Mrs. Gorman loved watching Tom Selleck’s “Blue Bloods,” and a myriad number of 1960s sitcoms. She DVR’d all of them so that she could quickly scroll through the commercials.
She was known countywide for knitting “Grandma Blankies” and stopped counting after giving away more than 300, mostly to the babies of relatives and friends. In a less public way, she also knitted blankets for young mothers in Christian County whom she had heard lacked family support. Mrs. Gorman would personally deliver a blanket to these mothers and then look around the house to see if she could “help out.” Mrs. Gorman often would collect all the dirty laundry, burp towels and bed sheets so she could take care of laundry and give the new mother a rest.
Mrs. Gorman attended Mass most days at Sts. Peter and Paul Catholic Church, until two years ago when her health prevented her from driving to church. That also meant she had to stop driving many of her younger friends to their medical appointments.
Of Imelda Gorman’s many traits, her children would certainly include stability, an ability to see all sides of an issue, and perseverance. Family moves in 1955, 1959, 1966, 1968 and 1975 through the states of Michigan, New Jersey, Maryland and Kentucky seasoned Mrs. Gorman into becoming adept at “growing where you are planted.”
Her children tried to follow her footsteps. Daughter Susan eventually found herself working on Capitol Hill and living in Saudi Arabia, England and Kuwait.
Daughter Anne became equally adept at creating and managing costumes for Hollywood movies, Broadway shows and television.

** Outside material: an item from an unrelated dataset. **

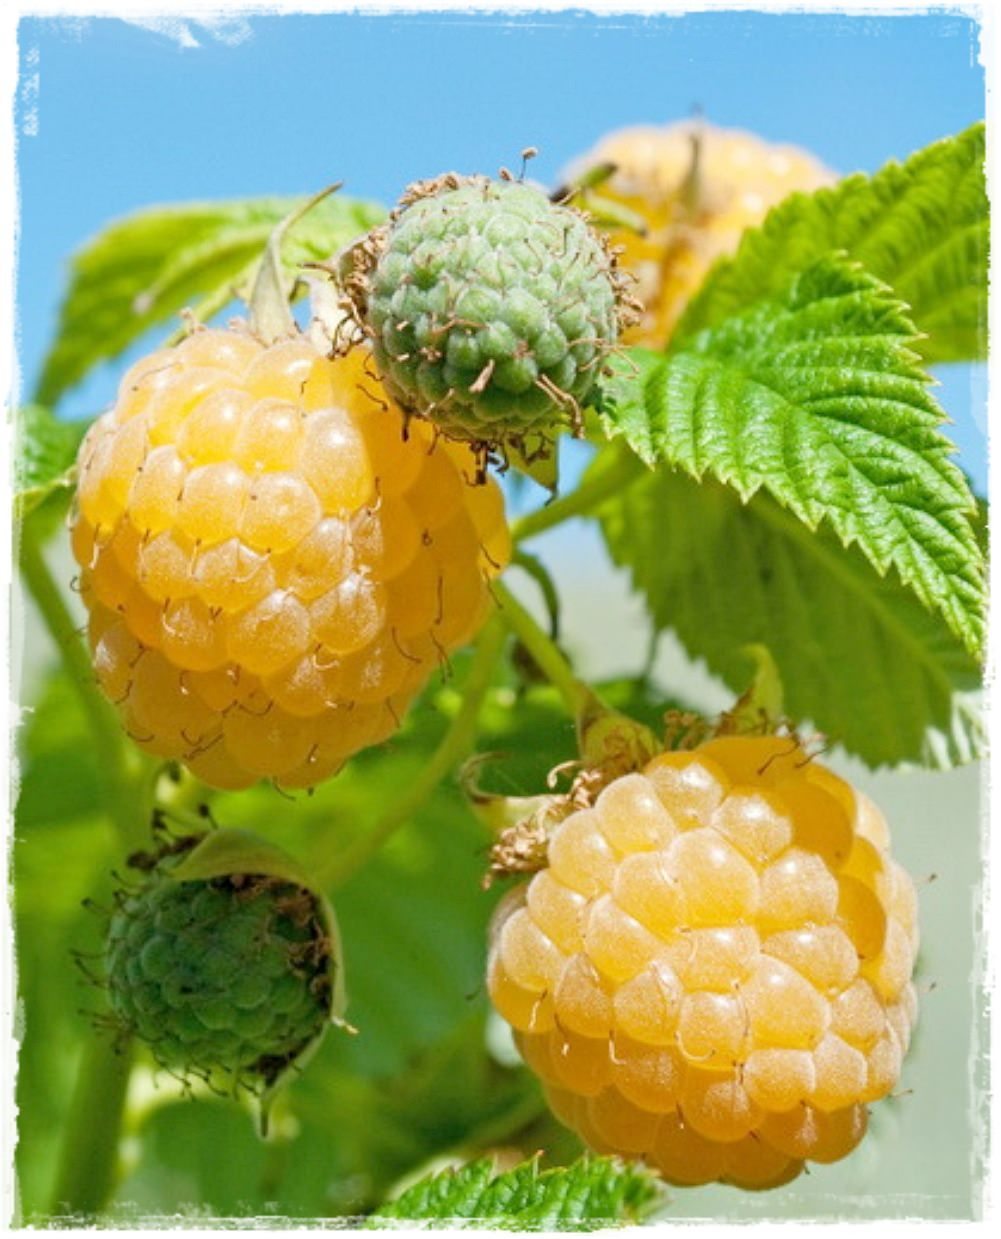 Rubus idaeus 'Fallgold' gele frambozenstruik, 2 liter pot - Schramas.com | Planten direct van de kweker | Schrama Nurseries BV.

Before he became successful in the pharmaceutical industry, son Jim was the first white scholarship basketball player among the eight historically black colleges of the Mid-Eastern Athletic Conference. Son Tom was inducted into the National Society of Cable Television Engineers Hall of Fame. Son Steve appeared on the cover of Rolling Stone magazine.
Son Dave has been honored as one of the top middle school science teachers in Knoxville, TN. Son Doug helped oversee the downtown revitalization of Bowling Green, KY and is now Judge Executive for Warren County, KY. Son Bob was a South Carolina Journalist of the Year and was elected board chair for New York state’s Associated Press in 2001 and United Way in 2021.
Her children agree that they are who they are because of Imelda Gorman. They grew up in an organized home: a clean house, meals always served at the same time, laundry washed, folded and put away daily, and the house always straightened up before nightfall. Bedtimes were mandatory, although a later bedtime was granted on birthdays. Mom loved to laugh, had a wonderful sense of humor, and was able to see the positive in life when she was feeling anything but positive.
Mrs. Gorman’s love of singing and music was well known among family and friends. She spent years mortifying her kids as she harmonized with Muzak anywhere it played, usually at the grocery store. She called the kids home from playing outside by whistling a sharp, two-note sound that, if performed today by Dave Gorman, can still make her over-60-years-of-age brood stop what they are doing and wonder if they need to get home for dinner; a whistle we all can still hear to this day.
Mrs. Gorman thrived in Hopkinsville. She moved here 50 years ago, hoping it was going to be for the good of all family members. It turned out to be where she found herself most at home.